Health care with little debate
A health care bill — one that didn’t have anything approaching the hot-button political energy of the other years-long debates surrounding that complex topic — won final and overwhelming passage in the Georgia General Assembly last week. As well it should have.
With relatively little publicity or fanfare, the Georgia House of Representatives voted 166-1 to provide insurance coverage to firefighters diagnosed with certain kinds of cancer to which their work makes them especially prone. The bill originated in the House, was tweaked and approved in the Senate, and then sent back to for final and thoroughly bipartisan approval.
The term “risk pool” has become an increasingly familiar one in the actuarial and political language of health care. It is an especially appropriate one when applied to firefighters, who statistically face higher cancer risks as a result of the smoke, fumes and other chemical substances they regularly encounter as part of their jobs.
A 2016 bill along the same lines didn’t survive Gov. Nathan Deal’s veto pen because it implicitly covered all types of cancer. Organizations such as the Georgia Municipal Association and the Association County Commissioners of Georgia said such coverage, without restrictions, would be prohibitively expensive for local governments to carry. The bill was recrafted this year in consultation with city and county government lobbyists; it specifies coverage for 19 kinds of cancer with which firefighters are most often diagnosed.
Like law enforcement officers, firefighters are public safety workers who face specific and sometimes life-threatening risks in protecting the rest of us. Taking care of those who have paid a price for exposing themselves to those risks should be an obligation of the public they serve.
New-old front?
Sometimes it seems the so-called water war isn’t one long continuous fight so much as periodic rehashing of old ones.
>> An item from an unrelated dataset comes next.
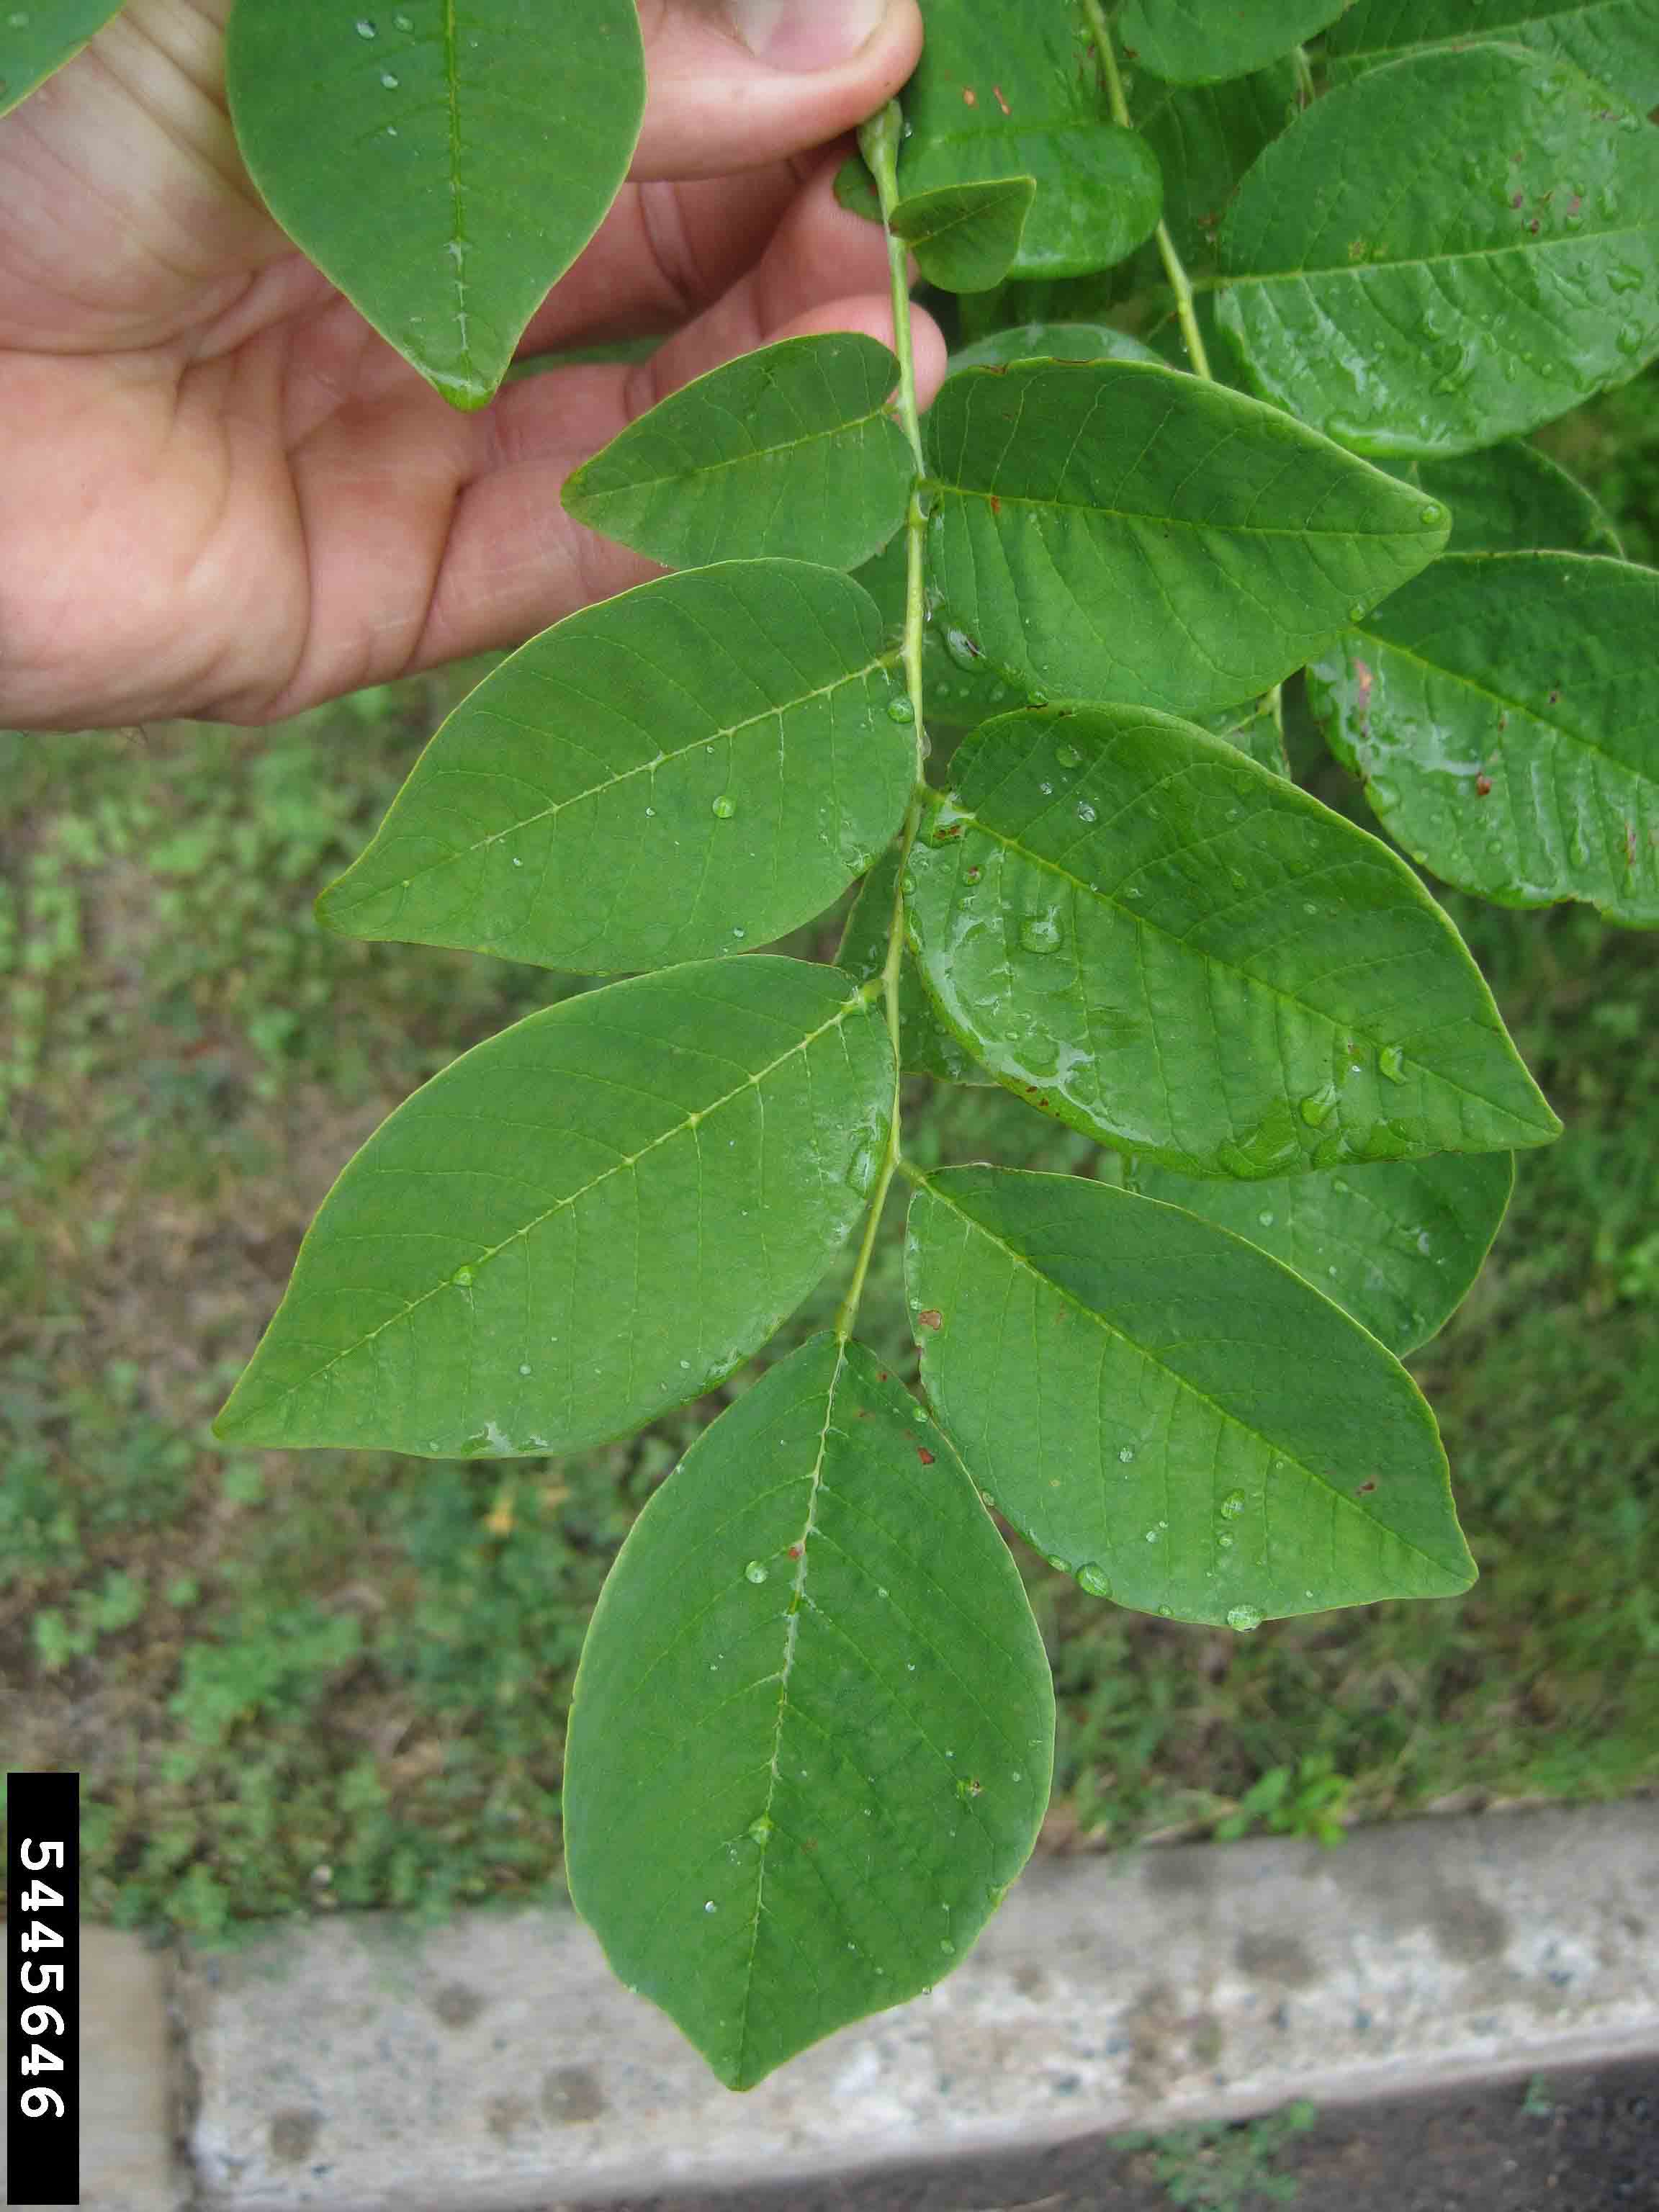 Yellowwood leaf, pinnately compound and 8"-12" long with 7-11 leaflets with smooth margins

Whether one of those is about to start up again this weekend is the subject of an intriguing preview in the Gainesville Times.
At this Saturday’s annual meeting of the Lake Lanier Association, the featured speaker will be Atlanta attorney Brad Carver. In case that name doesn’t ring any bells, he’s the lawyer directed by the state Senate four years ago to open a new water battle front — not against Alabama or Florida, but against Tennessee.
Specifically, Georgia invoked an ages-old border dispute with our neighbor to the north that, if resolved in Georgia’s favor, would give the state lawful access to the Tennessee River. Given that the Chattahoochee is the smallest river in the United States to serve as the sole water source for a major American city, a pipeline to the big Tennessee, a tributary of the even bigger Ohio, which is a tributary of the very, very big Mississippi, is no trivial consideration.
That’s not likely to happen. And it’s possible Carver won’t even bring it up. But it probably wouldn’t be wise to bet against it.